Many Class of 2025 students are athletically gifted, too, including about 20% of the class who will bring those talents to Bucknell's 27 Division I teams.
They bring to Bucknell a record of success, winning trophies and medals in events like badminton, cheerleading, fencing, field hockey, figure skating, football, gymnastics, karate, lacrosse, water polo, wrestling and more. The class includes a Junior Olympics diver, a nationally ranked squash player, an Ironman triathlon finisher, a young woman ranked 51st in the world in CrossFit and a water polo player who competed at the Tokyo Olympics.
"Our incoming first-years showed their passion for myriad activities outside of the school day," Mathes says. "We are excited to see how these passions continue and expand as the Class of 2025 begins its Bucknell journey."
A commitment to helping others runs through every member of the Class of 2025. Their applications tell of acts of service completed not to pad a résumé but out of a devotion to help their fellow humans.
Incoming Bucknellians raised money for breast cancer research, volunteered at animal shelters and served on the Civil Air Patrol. They've worked with Amnesty International, Best Buddies, Habitat for Humanity, Key Club, the National Charity League, Operation Smile, the Red Cross, Relay for Life and many more charitable causes.
Members of the class co-founded an English as a second language tutoring program, volunteered at a sea turtle rehabilitation center and created a cake-making business with a portion of profits donated to autism research.
Even as their high school careers were interrupted by the pandemic, these students found a way to continue serving. One student founded a service that delivered necessities to community members during the pandemic, while another started a fitness program for kids over Zoom.
"This class spent a year and a half of their high school experience contending with a global pandemic, but they still made time and space to help others," Mathes says. "They have shown an immense amount of tenacity, grit and compassion — qualities that will serve them well during their years at Bucknell."
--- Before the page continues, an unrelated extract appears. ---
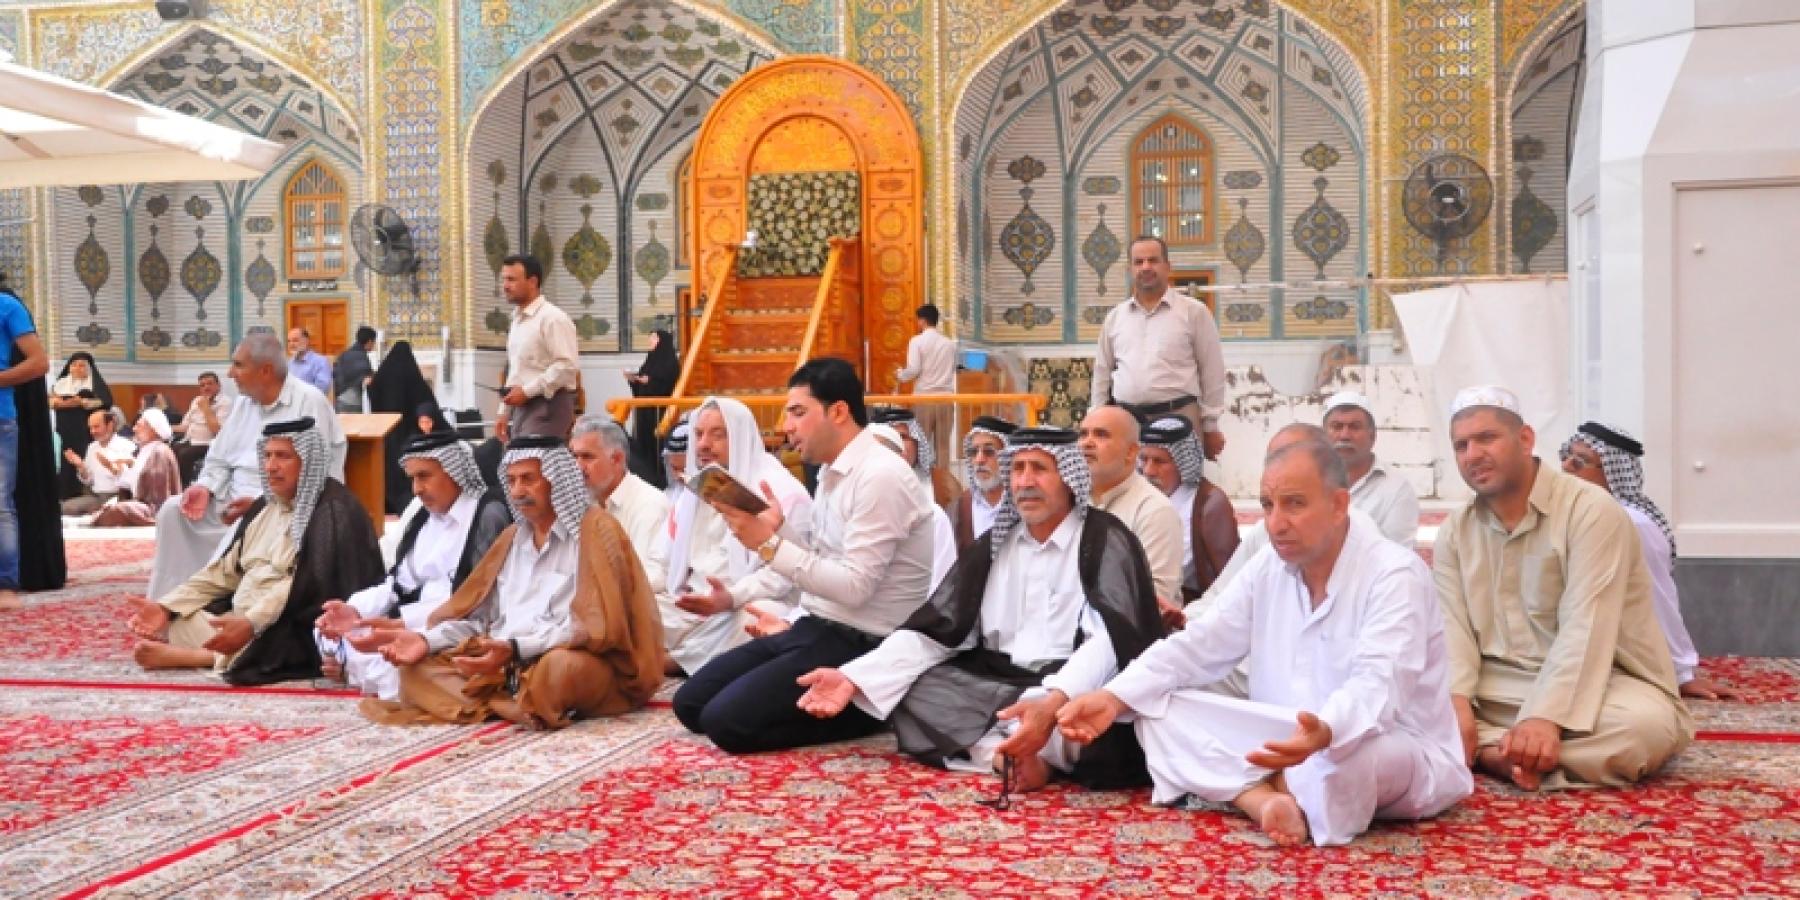 قسم العلاقات العامة في العتبة العلوية المقدسة يواصل برنامجه لخدمة كبار السن لزيارة الإمام (أمير المؤمنين عليه السلام)

Through their personal essays, members of the Class of 2025 were able to showcase those parts of themselves that can't be quantified or easily categorized.
They wrote about building a 300-foot backyard zip line, making a documentary about a nearby watershed and managing social media accounts for 10 different businesses.
One wrote about delivering a baby goat. Another described their passion for reading tarot cards. A third shared a look at life growing up with Amish parents.
Bucknell admissions counselors read every essay — all 11,263 of them — and approached each as a chance to meet a future Bucknellian through their words.
In the end, the 1,031 members of Bucknell's Class of 2025 bring an infusion of energy to Lewisburg, helping continue a campus tradition of innovation, adventurous exploration and supportive collaboration.
"My team and I are immensely proud of the Class of 2025 for all that they accomplished inside and outside of the classroom," Mathes says. "We know they'll take charge and immerse themselves in the Bucknell experience. We cannot wait to see what they’ll do next."